Депрессивный миракль

Под вечер изнурявшая город осенняя морось бесследно исчезла. Дохнуло морозцем. По окнам и лицам хлестнула колючая вьюга. Прохожие влажно и часто дышали на зябкие руки и тщились согреть их в гнездилищах тёплых карманов. Мохнатые шарфы укутали щёки. Наружу торчали побитые стужей и питерским стойким ринитом носы. Топорщась буграми, они походили на сколы обветренных скал.

Нинель из-за суетных, мелких хлопот задержалась на службе и горько жалела об этом. Теснимая ветром, прикрывшись руками от сонма докучливых, въедливых жал, она - в ожидании Игната - уныло и мрачно топталась на месте. Пуховая шапка и шарф, намокнув, застыли густым ожерельем из маленьких твёрдых комочков. Настырные пальцы метели скользили сквозь ворот пальто, вгоняя - как молот бетонные сваи - простуду в продрогшее тело. Под боком, в невставшем Обводном канале сердито носились крутые барашки. Нинель присмотрелась к зажатой гранитом нечистой воде. Шипастые волны качали отбросы: пустые бутылки, тряпьё и собачью скверну. На ум исключительно шли неприятные мысли:

«Ещё две минуты, и - напрочь продрогну! И ветром лицо зарябит, словно воду в канале!»

Всерьёз начиная сердиться, в сердцах она громко сказала:

«Придёт мой дружочек – тотчас утоплю в богомерзком овечьем загоне!»

Один из барашков – услышав её, и в обиде за тучную пажить – на время покинул родную протоку. Сменивши овчину на тёмный бесформенный плащ, тихонько подкрался к Нинель и, как зверь, искромсал ей лицо клиновидной, секущей до кости сосулькой. Отбросив залитую кровью ледяшку, проворно укутался плясками ранней зимы и бесследно растаял в потёмках дворов-лабиринтов.


***

К окончанию дежурства сержант Дармовщицын захандрил и был сильно не в духе: приливная волна городских мутных вод выносила на берег исключительно нищих клиентов.
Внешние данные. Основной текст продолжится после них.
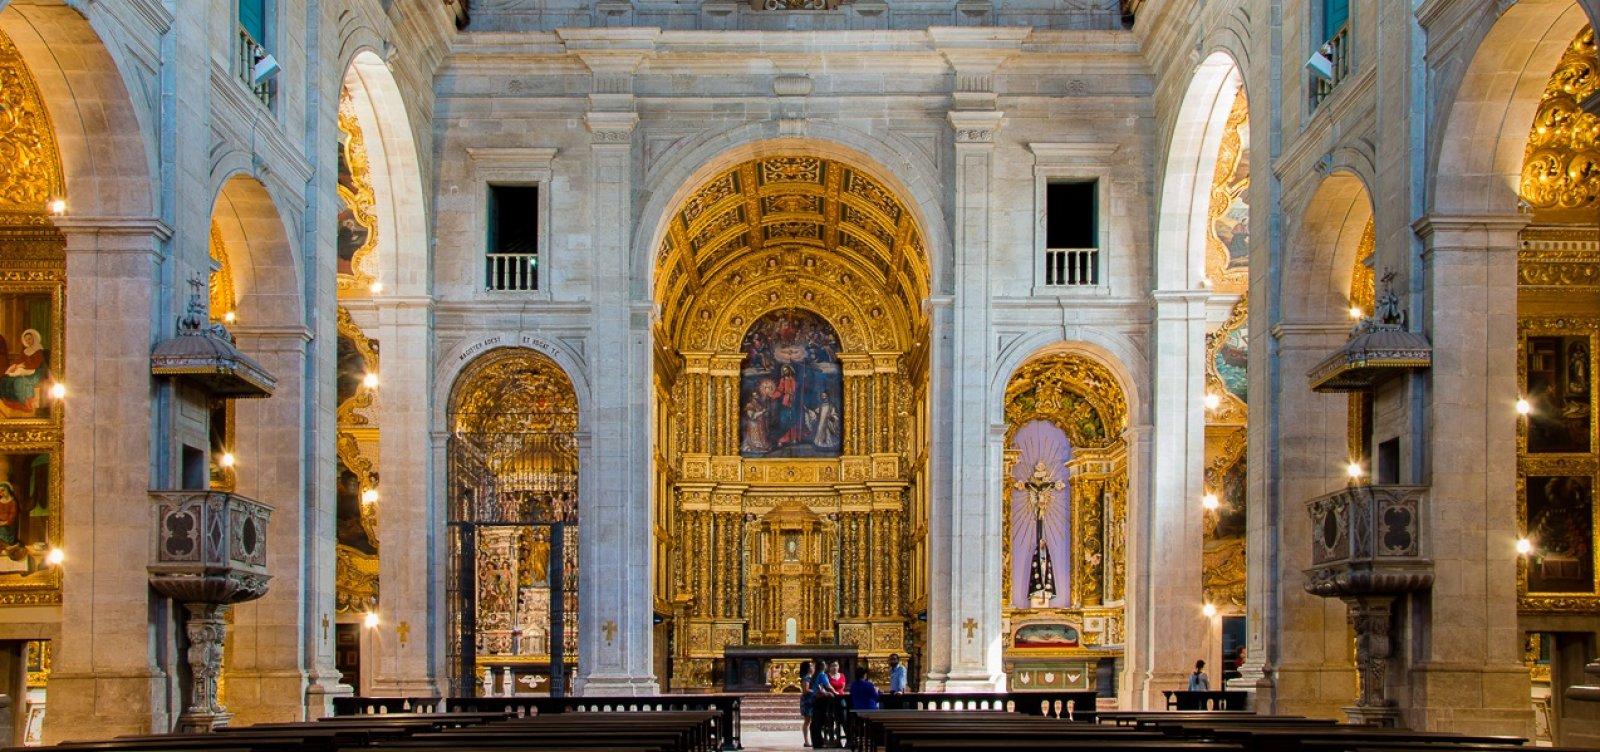 [Catedral Basílica ganha altar definitivo após 55 anos com relíquia de Santa Dulce]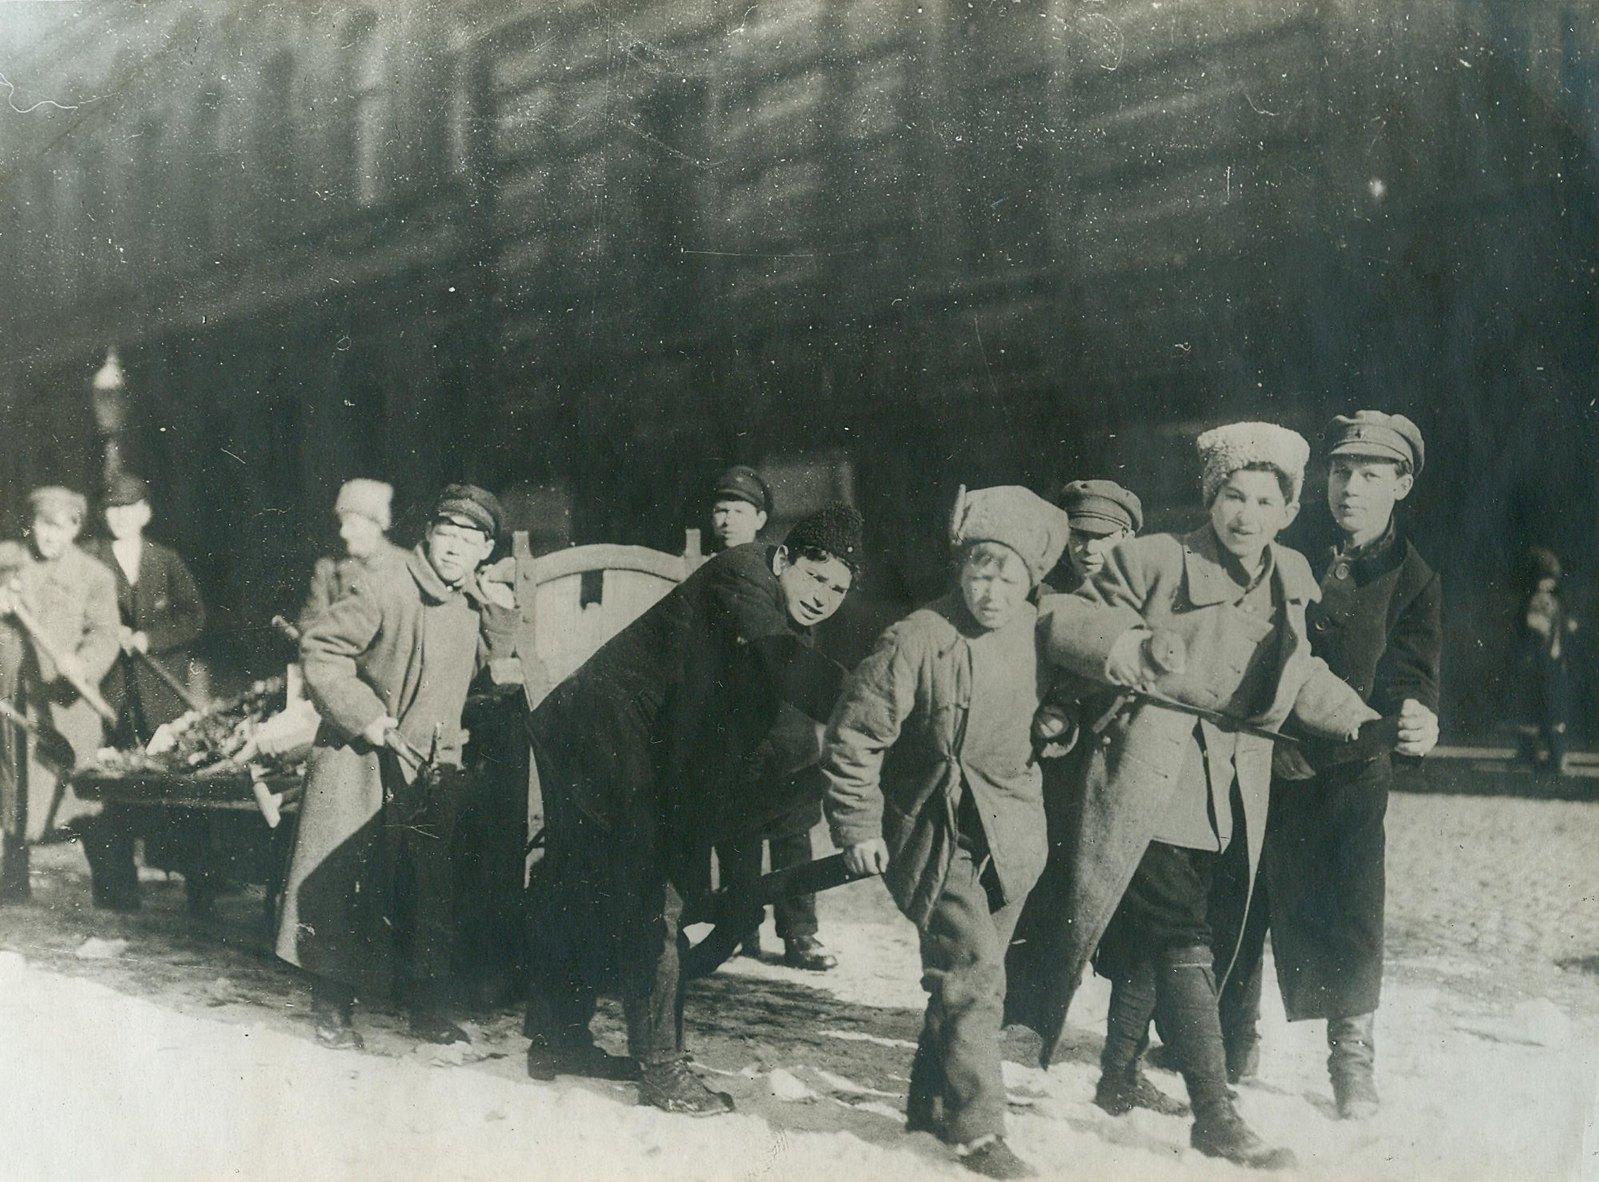 1920. Субботник членов Коммунистического Союза молодежи по борьбе с загрязненностью Петрограда

Солидная крупная рыба наружу не шла, оседая по барам, пивным и кофейням. Морозить носы буржуа не хотели! К концу многотрудного дня в силках благого для граждан закона побывали два-три подгулявших студента, с которых навар оказался нежирен – пара древних смартфонов и несколько мятых некрупных купюр.

- Куда, лейтенант? – сержант обернулся к командиру наряда.

- Давай на Обводный. Потом на Московский.

Скрипя ходовой и давя телом снежную массу, патрульный УАЗик свернул на угрюмый и мрачный Обводный канал.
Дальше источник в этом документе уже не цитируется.